The sprite (‘object’) area is the obvious place to look. As is usually the case, there is the CPU-facing ‘sprite’ RAM and a buffered copy (both circled at the top of the schematic below), where the custom IC copies the data (during a Vblank?). Although, as socketed, I tried a swap to no avail,  it was always unlikely to be the CPU-facing SRAM as that is also used for CPU general processing (which is presumably fine).

The buffered copy (TMM2018) is soldered, so rather than ripping that out, it seemed more sensible to have a probe around the graphics area.
I get to the HSET line (lower circle in the schematic) and the logic high is a mere 2V. So well below acceptable thresholds.

As it’s used for the latching of sprite pixel data and near the thresholds (so temperature could easily make a difference), it seems a fair culprit for the problem.

The weak signal is either the fault of the custom at 9M or one of the 74LS173 latches.
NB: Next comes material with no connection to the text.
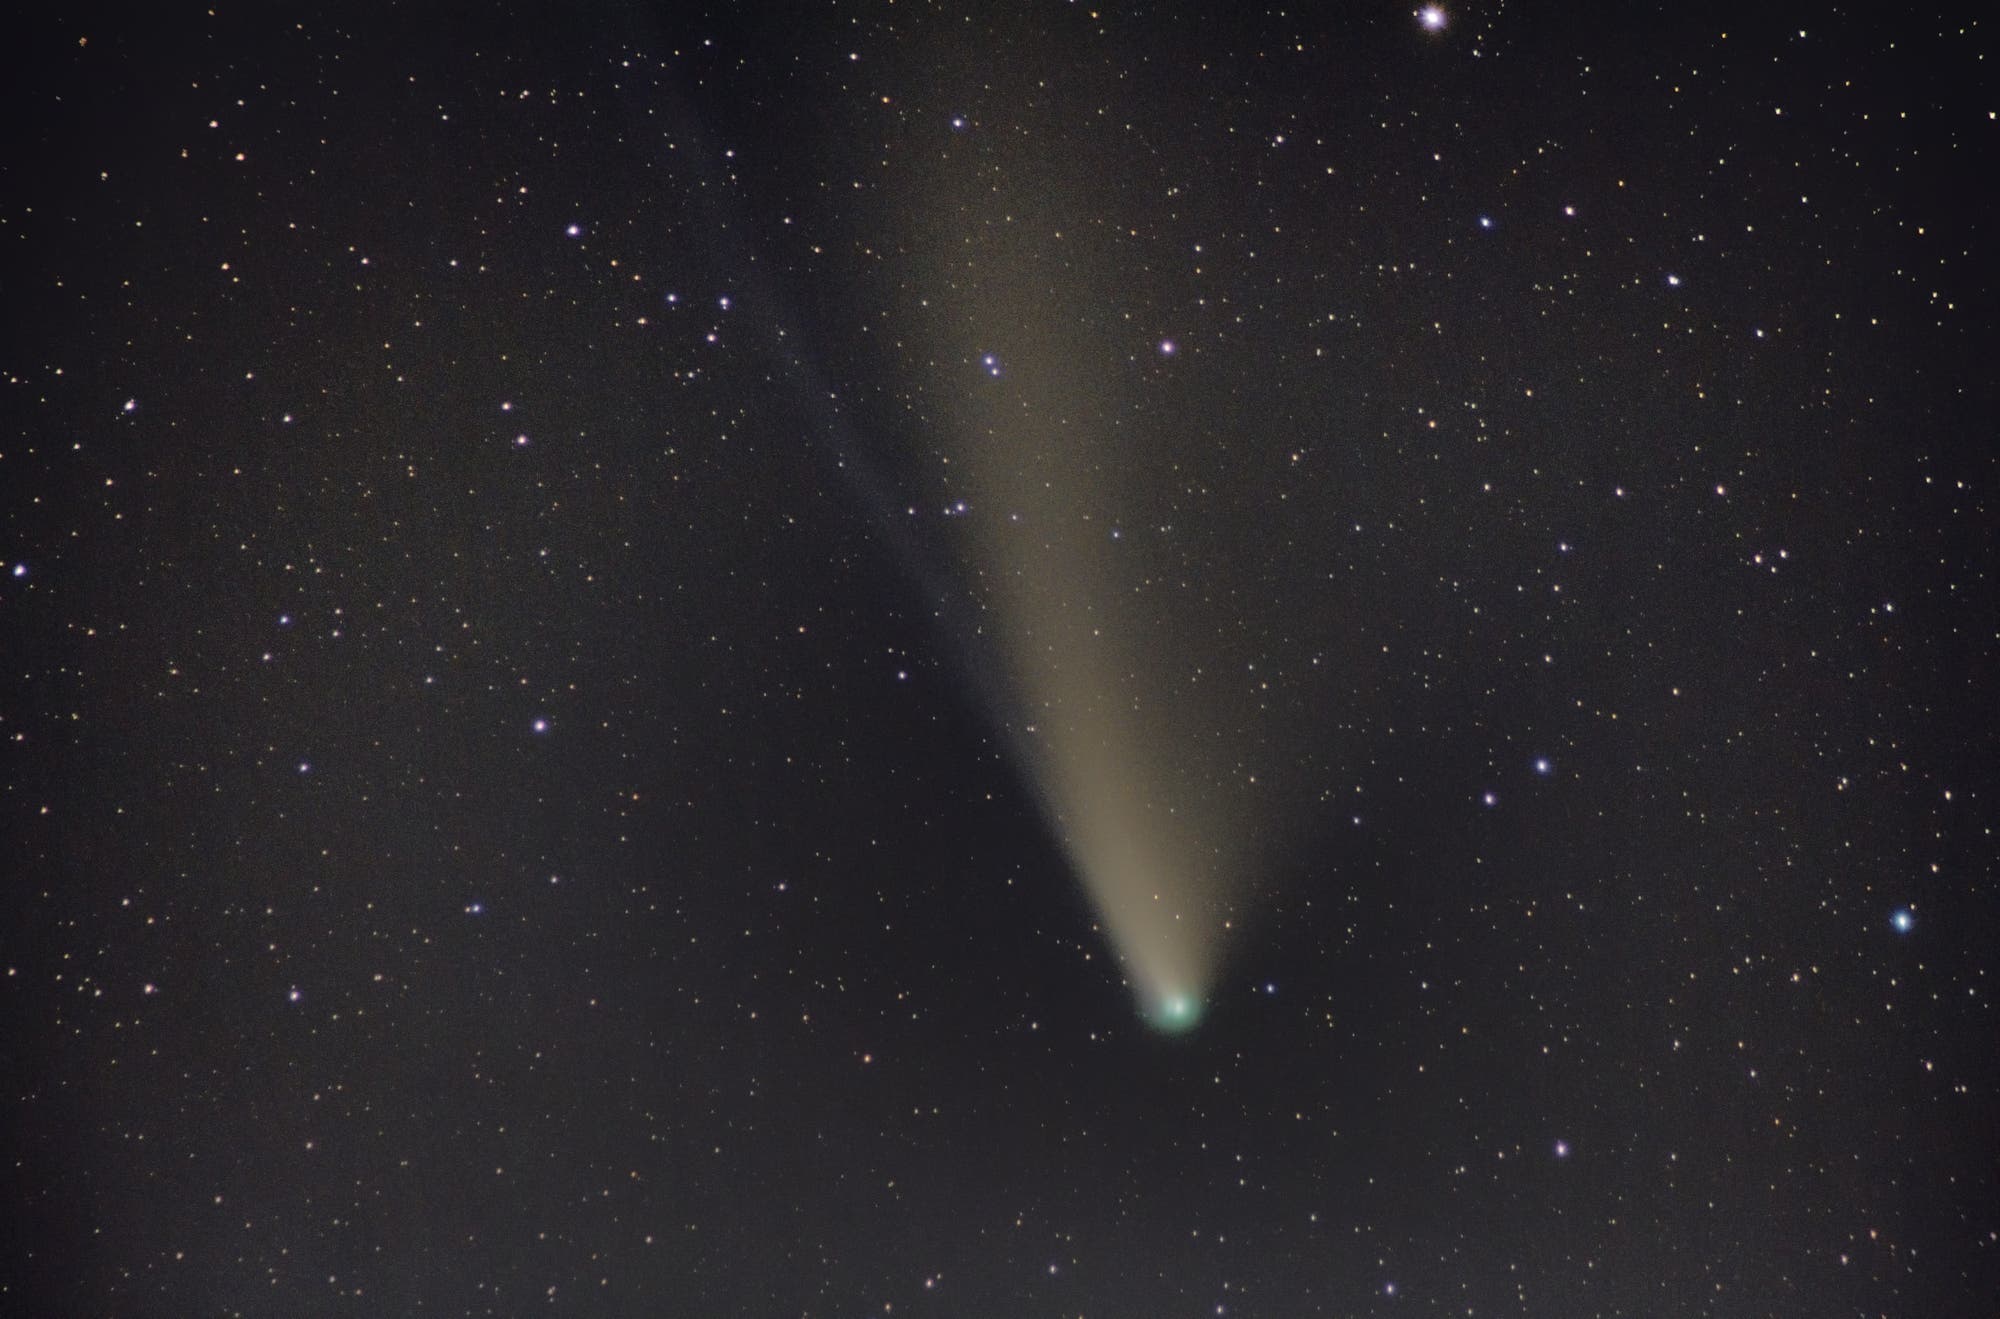 Komet C/2020 F3 (Neowise) vom 25. Juli 2020 als Komposit zweier Belichtungsreihen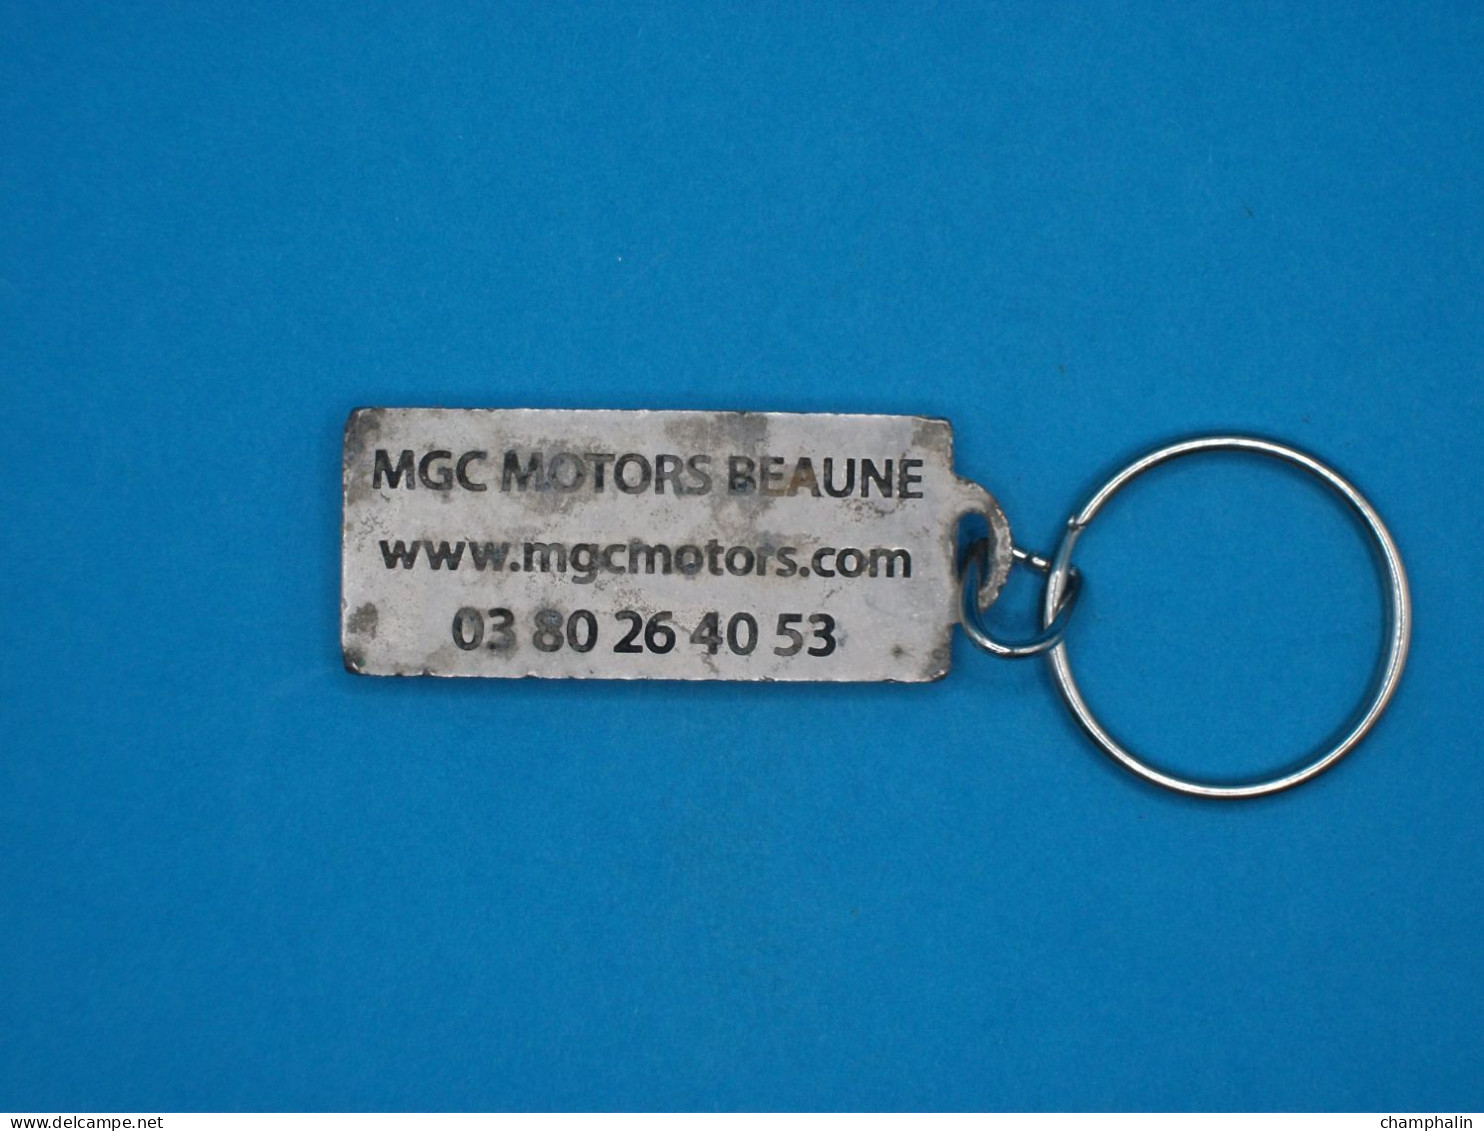 Porte-clé Métal - Audi MGC Motors à Beaune (21) - Www.mgcmotors.com - Automobile Voiture Concessionnaire Garage - Porte-clefs

Whilst I swapped the custom to discover it was fine, you could likely remove the custom and probe the signals (use a multimeter to measure the resistance or diode forward voltage of the pin to ground, then compare to similar signals).

With the custom fine, it’s easier to just change the 3 logic IC’s than to try to guess which one is pulling the signal low. It could even be that with all of them being clocked at 6MHz, they’ve aged similarly?

The Fix

New devices at 10P, 10R, 10T.

Game works fine now (and repowered a few times to make sure – I hope anyway).